I'm parsing the html page, and I'm new to this kind of parsing, could you suggest me the idea to parse following html
HTML Code : http://notepad.cc/share/CFRURbrk3r
for each type of room, there are list of sub rooms so I wish to group them as Parent - Childs into the List of Objects. then later we can access to each of those childs.
this is the code as far as I could do but without adding to the Objects, besides Fizzler is there any other parser I can do in this case.
var uricontent = File.ReadAllText("TestHtml/Bew.html");
var html = new HtmlDocument(); // with HTML Agility pack
html.LoadHtml(uricontent);
var doc = html.DocumentNode;
var rooms = (from r in doc.QuerySelectorAll(".rates")
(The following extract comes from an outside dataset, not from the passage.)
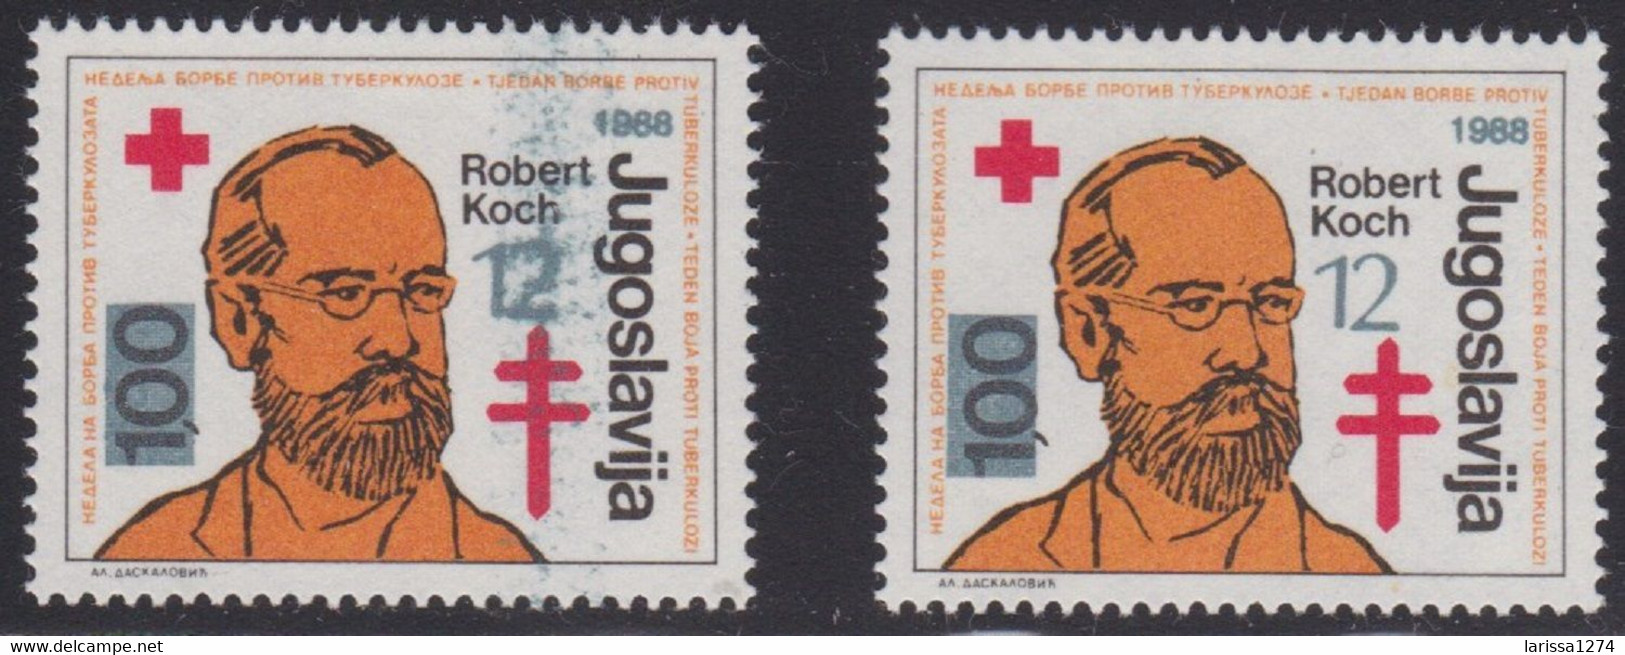 445. Yugoslavia 1988 Surcharge Robert Koch ERROR Stained Overprint MNH Michel #165 - Sin Dentar, Pruebas De Impresión Y Variedades

from s in r.QuerySelectorAll(".rooms")
from rd in r.QuerySelectorAll(".rate")
select new
{
Name = rd.QuerySelector(".rate-description").InnerText.CleanInnerText(),
Price = r.QuerySelector(".rate-price").InnerText.CleanInnerText(),
RoomType = s.QuerySelector("tr td h2").InnerText.CleanInnerText()
}).ToArray();
Update:
Personally, I wouldn't use an Array. I would use a List
. The implementation of a List
should allow you to add particular nodes into particular positions and grouped accordingly.
Then you could simply:
- Loop (foreach)
- Find
- Sort
- Select
Which would allow you to quickly filter through the content. Since each list item is stored. Some examples.
Update:
Another item I forgot to mention, the Html Agility Pack can do the following:
- Grab a particular node / element.
- Grab a Parent and all subsequent Children node / elements.
It can also grab remote or local pages.
I would actually download the Html Agility Pack from Nuget. It is incredibly powerful and robust, it will more than likely make it even easier to scrub the desired data. You can download it by following these steps:
- Go to Tools
- Go to Nuget Package Manager
- Select Package Manager Console
- Open the Package Manager Console in lower left of Visual Studio if it didn't open.
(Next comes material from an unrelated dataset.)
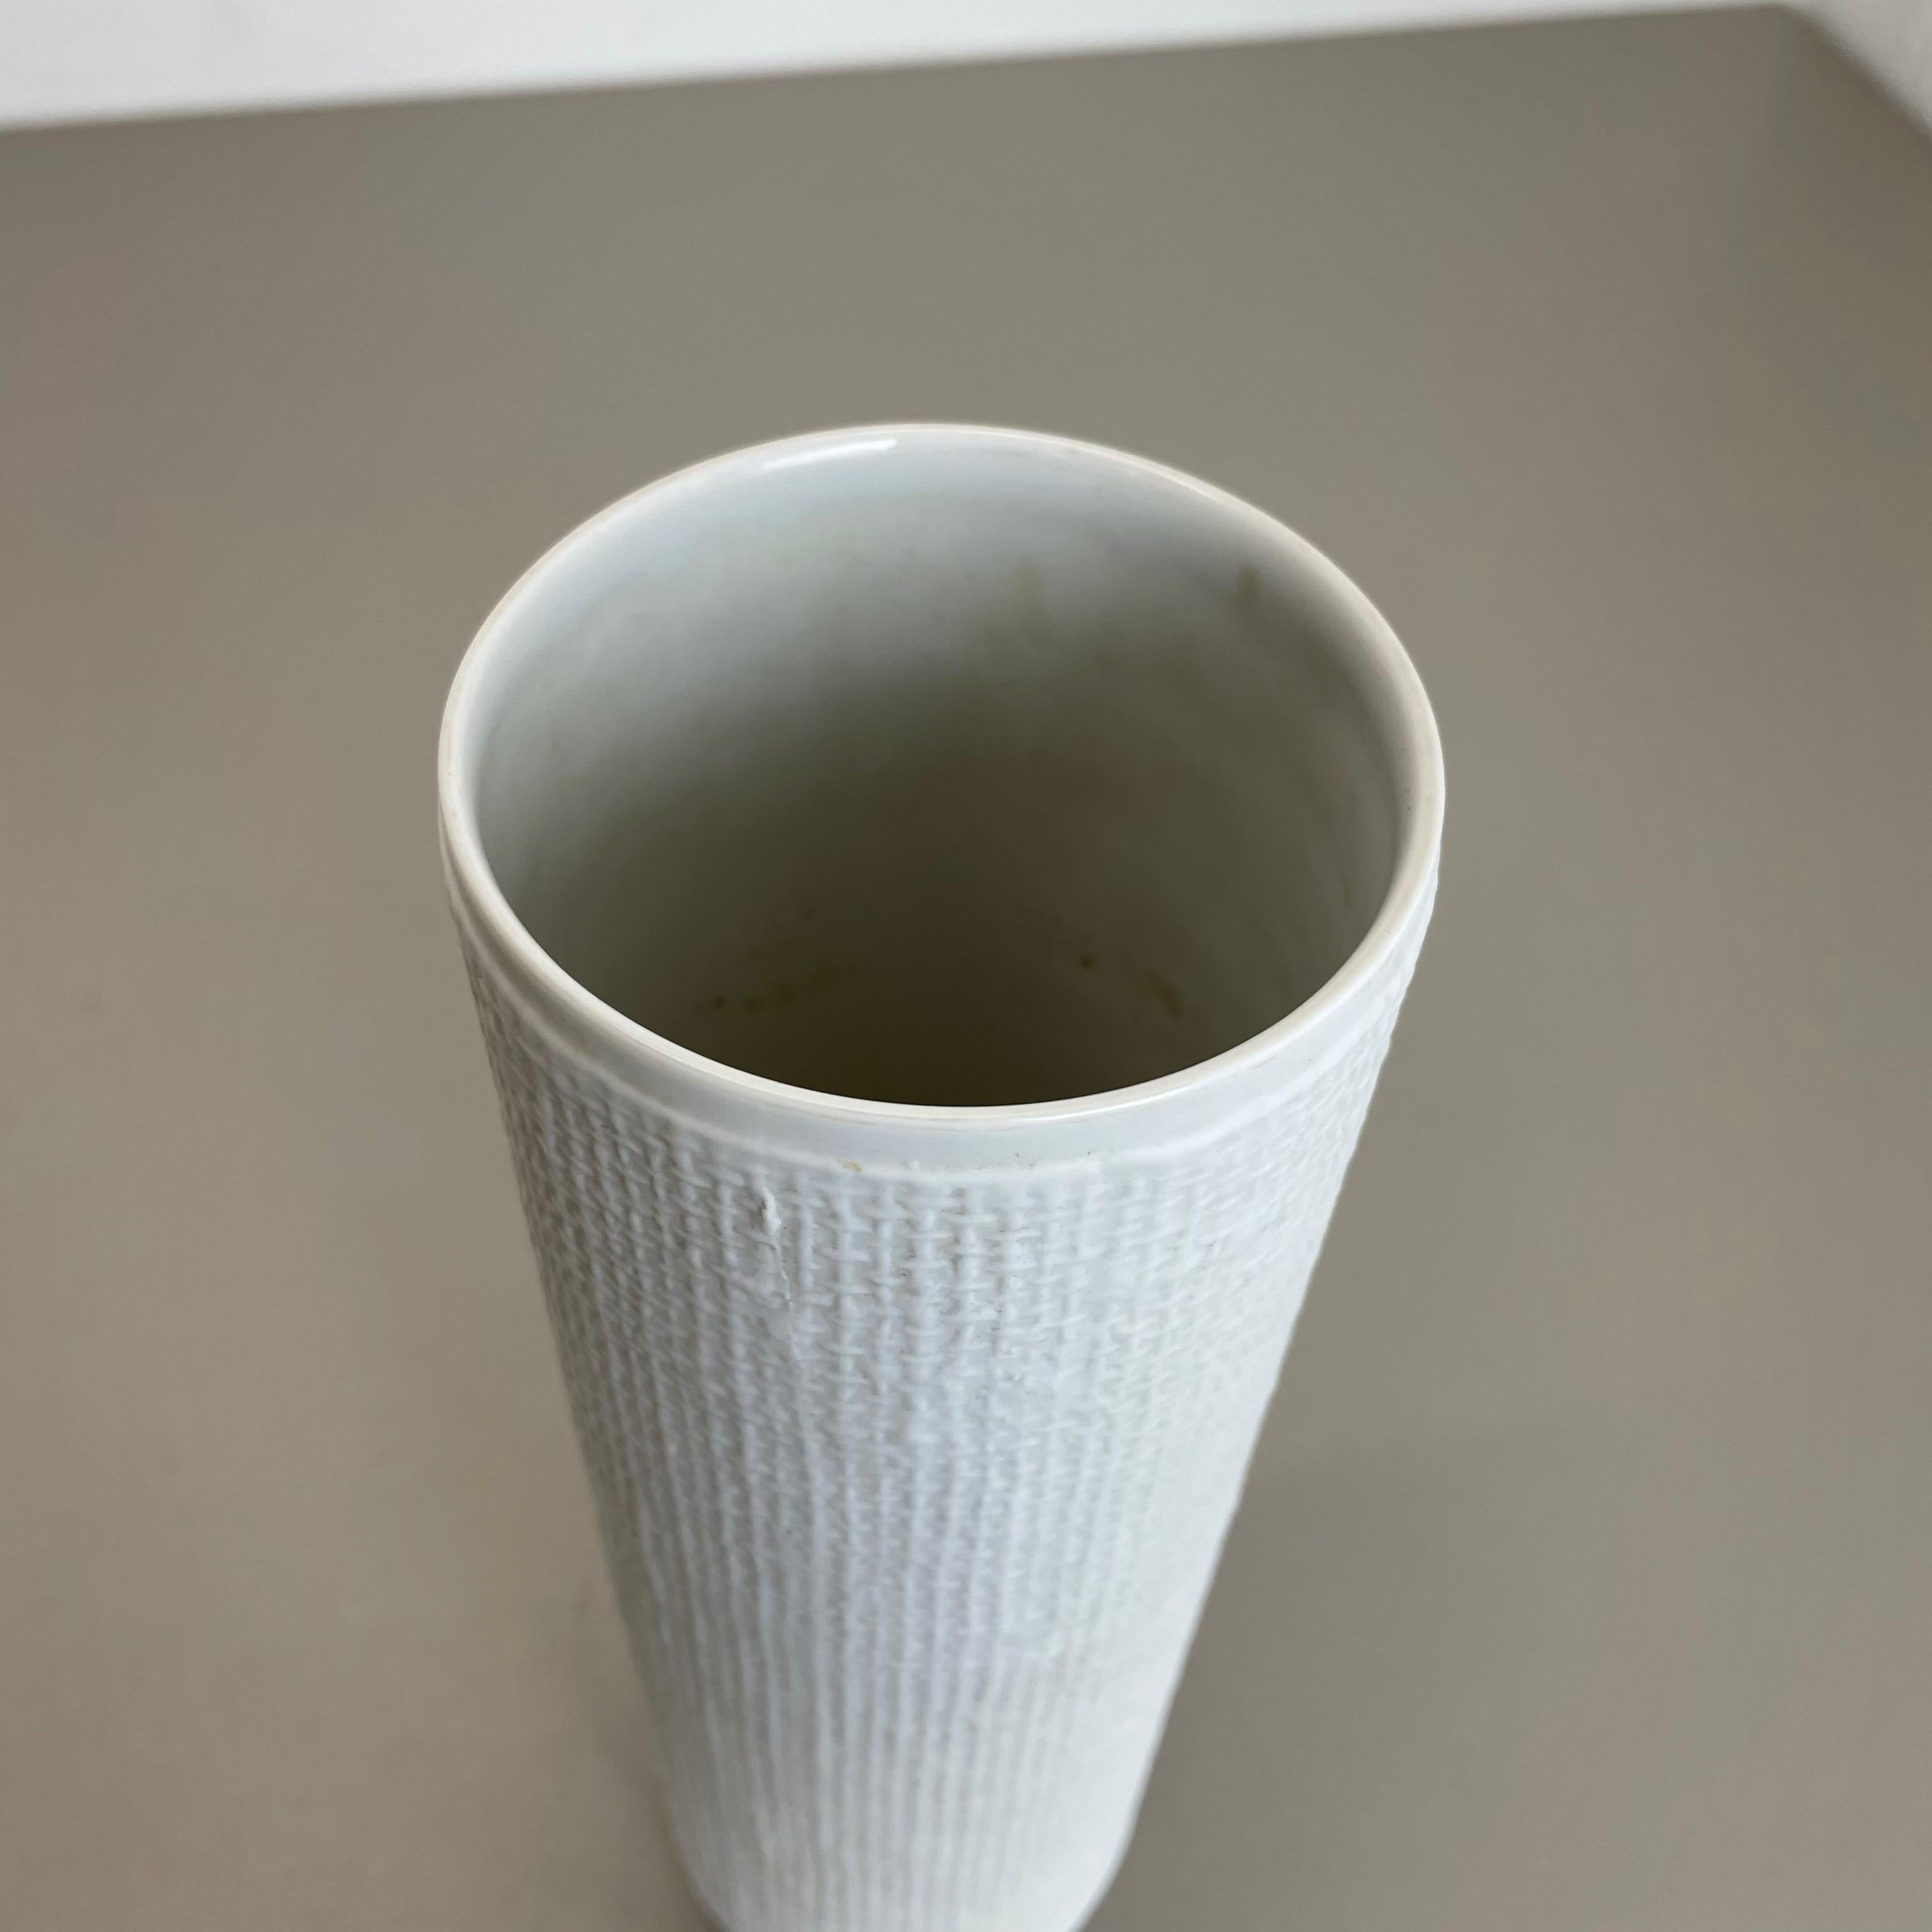 1970s OP Art Vase Porcelain Vase by Heinrich Fuchs for Hutschenreuther, Germany For Sale 1

- Type the following command
Install-Package HtmlAgilityPack
.
A great example can be found from this question.
The premise is simple:
HtmlAgilityPack.HtmlDocument document = new HtmlAgilityPack.HtmlDocument();
// Map the document to the Html Page.
document.Load(filePath);
// If you would rather do it through Xml String, should you require it.
if (document.DocumentNode != null)
{
HtmlAgilityPack.HtmlNode bodyNode = htmlDoc.DocumentNode.SelectSingleNode("//body");
if( bodyNode != null)
{
// Do something with bodyNode.
}
}
This example shows the syntax, but it should be far easier to grab particular nodes out of the page and manipulate it accordingly with the HtmlAgilityPack
.
Hopefully this points you in a better direction.